Zubeida Rossenkhan, Wee Chan Au and Pervaiz Khalid Ahmed

This study aims to contribute to subjective career success (SCS) literature using sequential mediation modeling to interrogate the inter-relationships between dimensions…

Abstract

Purpose

This study aims to contribute to subjective career success (SCS) literature using sequential mediation modeling to interrogate the inter-relationships between dimensions of SCS, including interpersonal success, financial success, job success and hierarchical success. In doing so, the research provides a nuanced understanding of career behavior among young adults using the perspective of a non-western developing context.

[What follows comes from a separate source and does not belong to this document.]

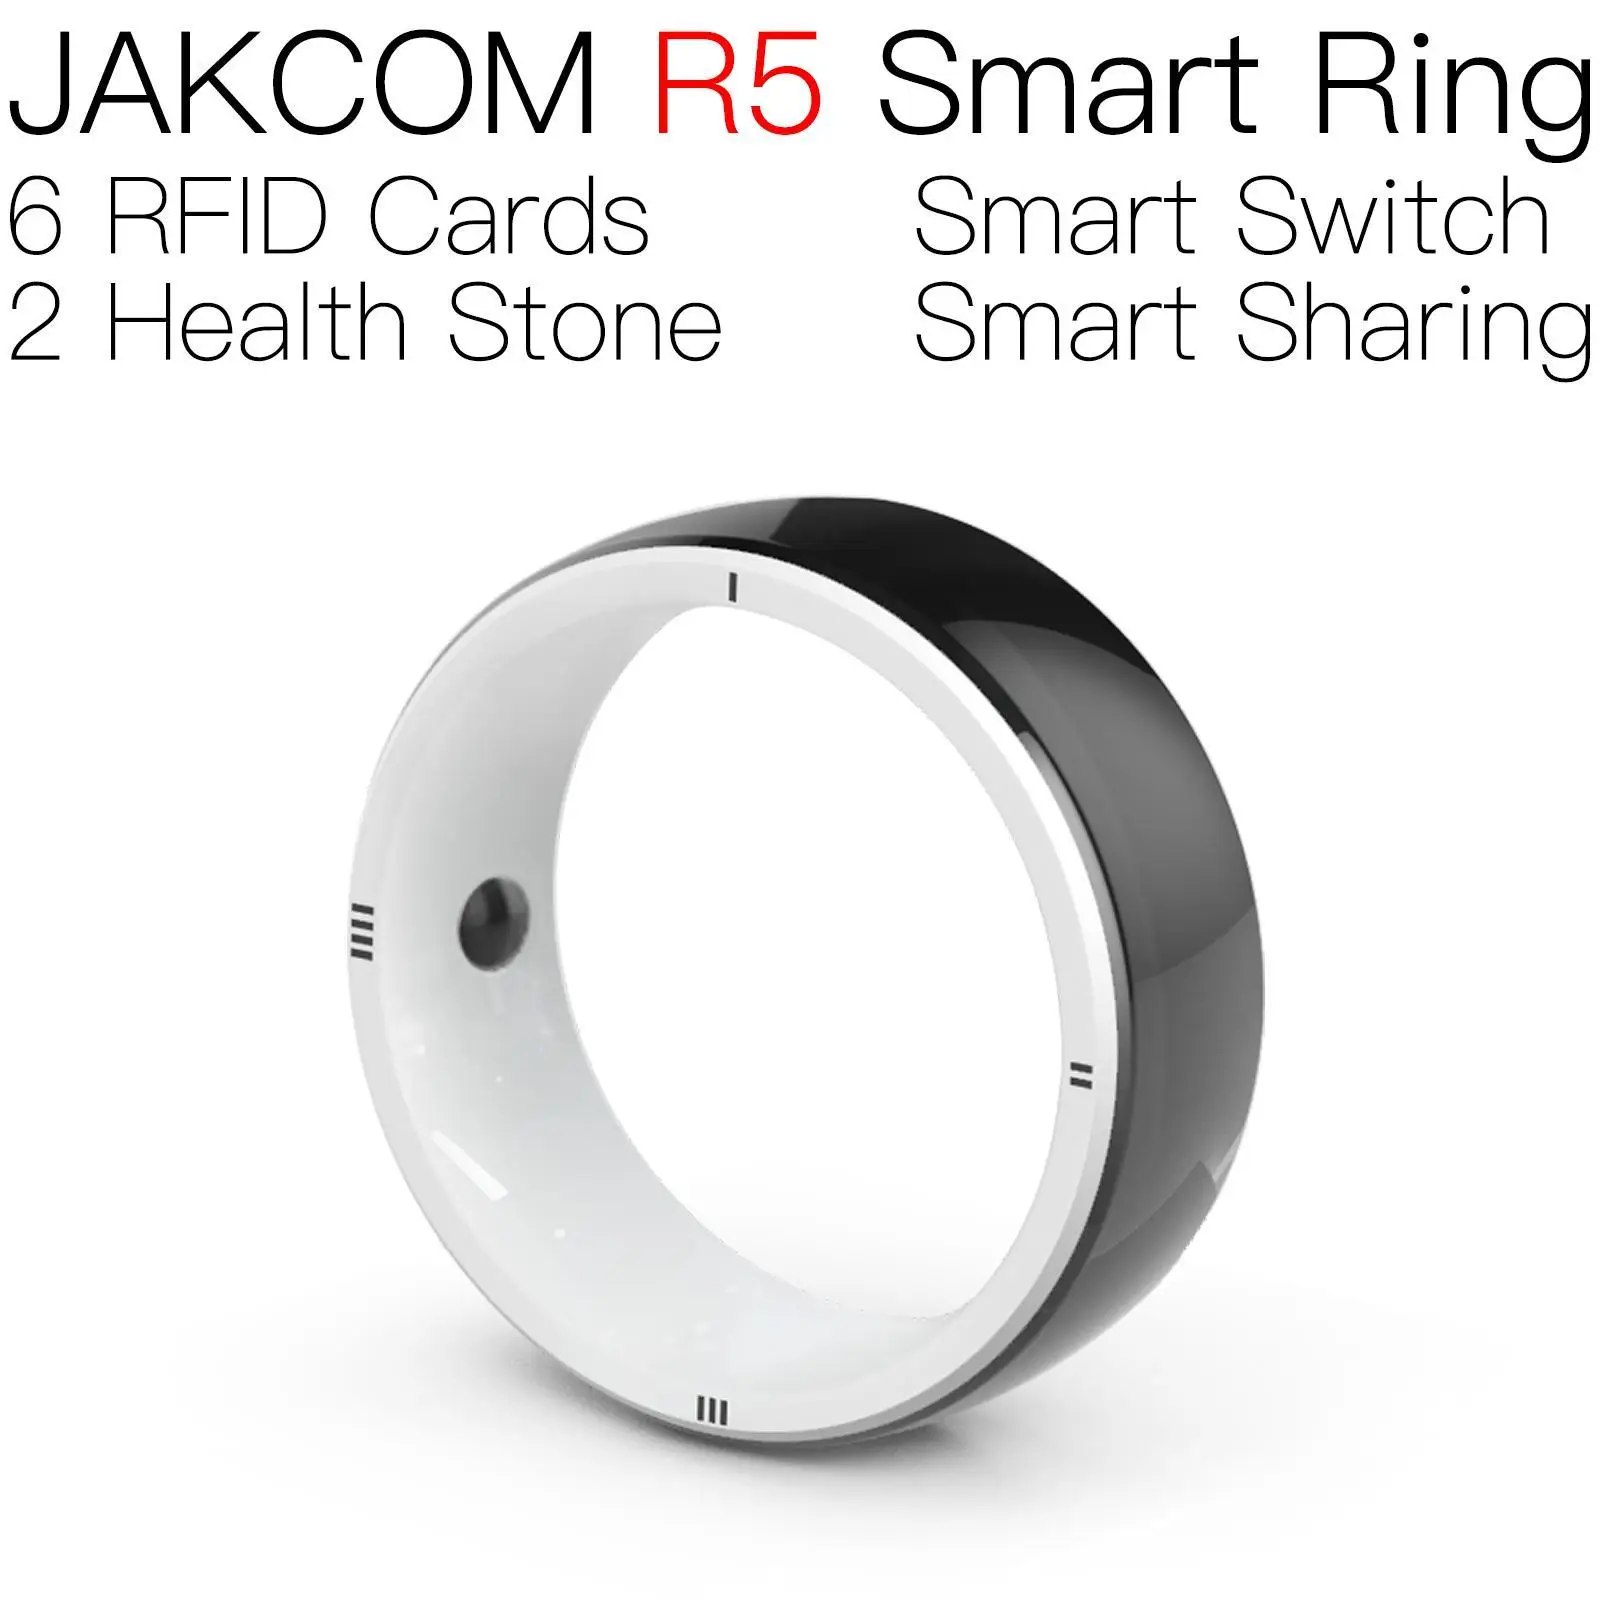 

Умное кольцо JAKCOM R5, лучше, чем distake deauther, часы, смартфон i14 max, женщина, ничего 1, мышь, Супер копия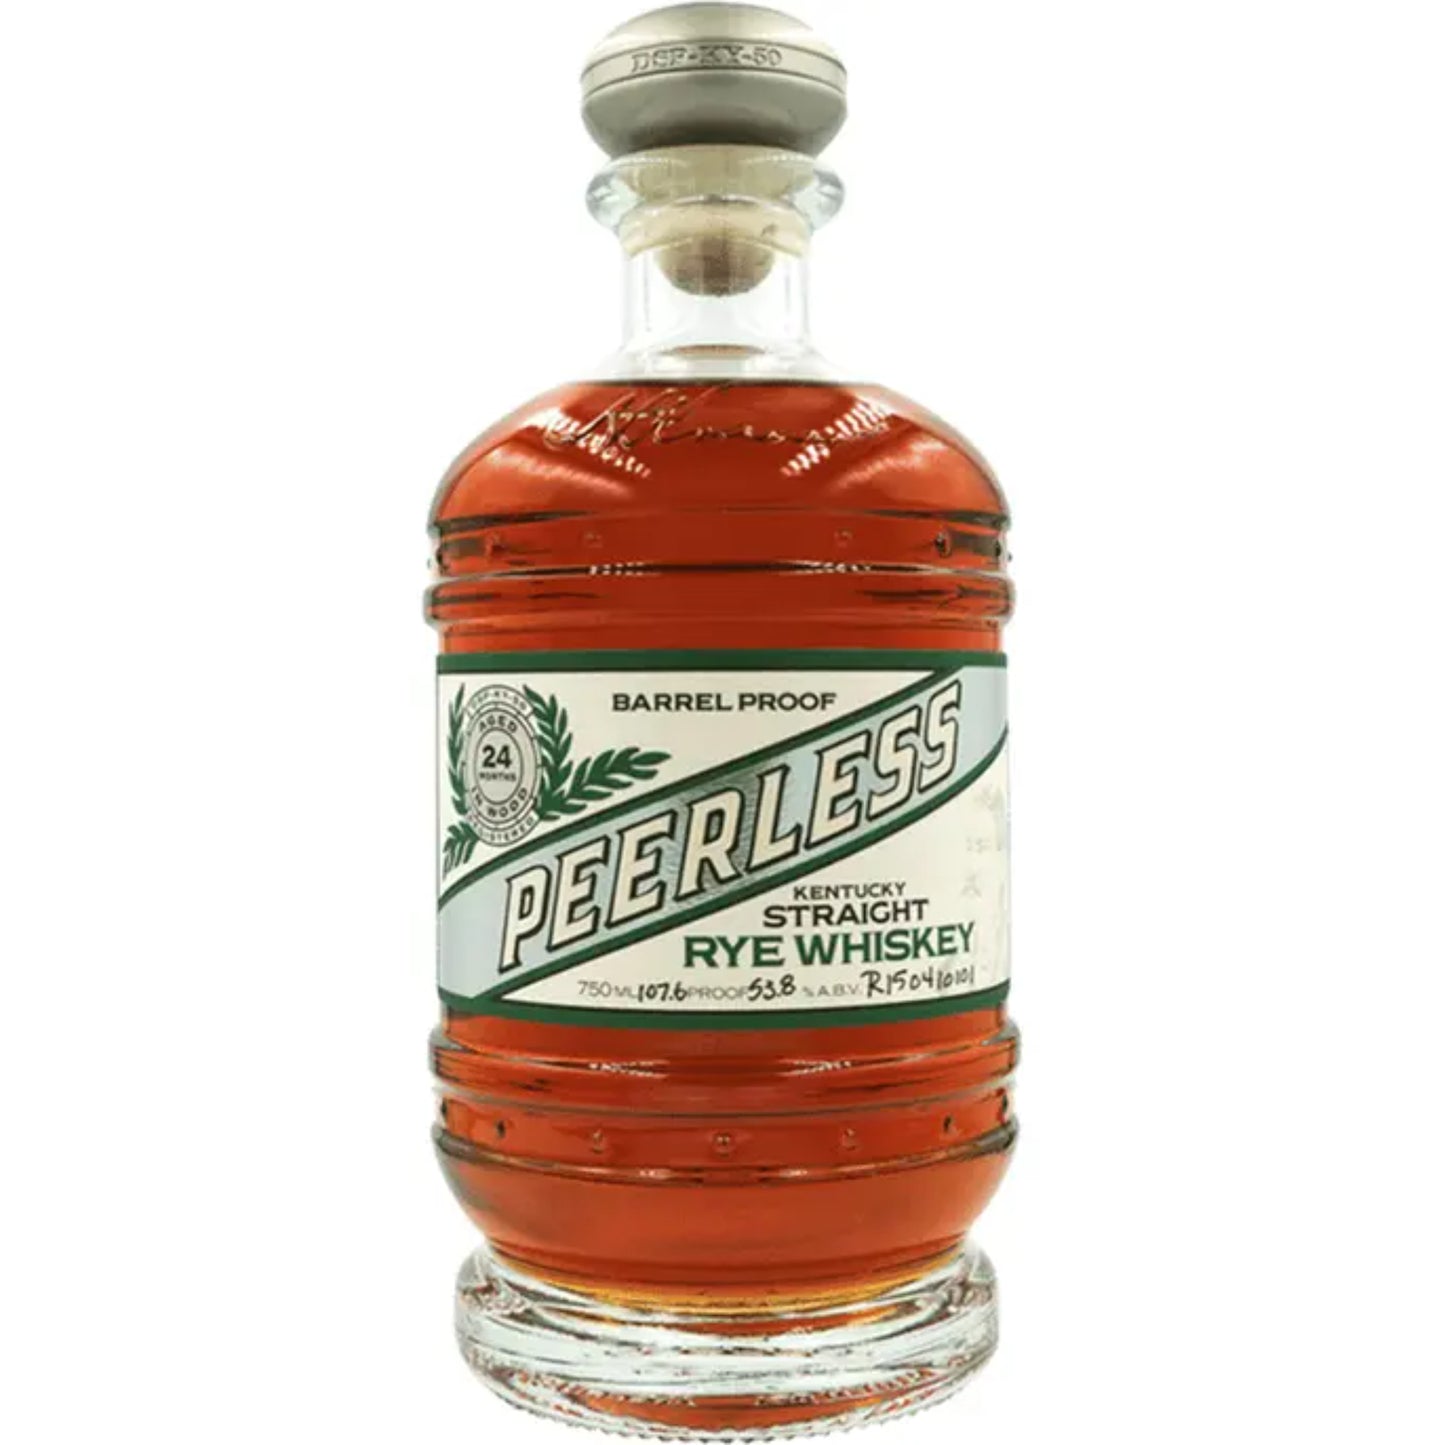 Peerless Straight Rye Whiskey

Design/methodology/approach

The study is operationalized using 342 survey questionnaires from Malaysian young working adults (18-34 years). Partial least square structural equation modeling is used as the main analytic tool.

Findings

The results of the study revealed that dimensions of SCS were related in a sequential mediating manner. Specifically, an individual’s interpersonal success is the foundation for one to accomplish job tasks (job success), which then leads to increased prospects for promotion (hierarchical success) and subsequently financial success.

Practical implications

These findings highlight the importance of interpersonal success as a foundation of career success and provide evidence for the study recommendation to support young working adults in building interpersonal relationships, which will help realize other forms of career success. However, the establishment of a sequential mediation pathway suggests that developing relationships alone are not sufficient. Study roles and tasks must also be designed to align with individuals’ personal goals for advancement and success.

Originality/value

The research contributes to knowledge on understanding career behavior specifically relating to the dynamics and complexities of SCS. The study sheds light on the potential limitation of operationalizing SCS as a multi-dimensional aggregate construct and provides empirical support for the proposed sequential mediation model of SCS.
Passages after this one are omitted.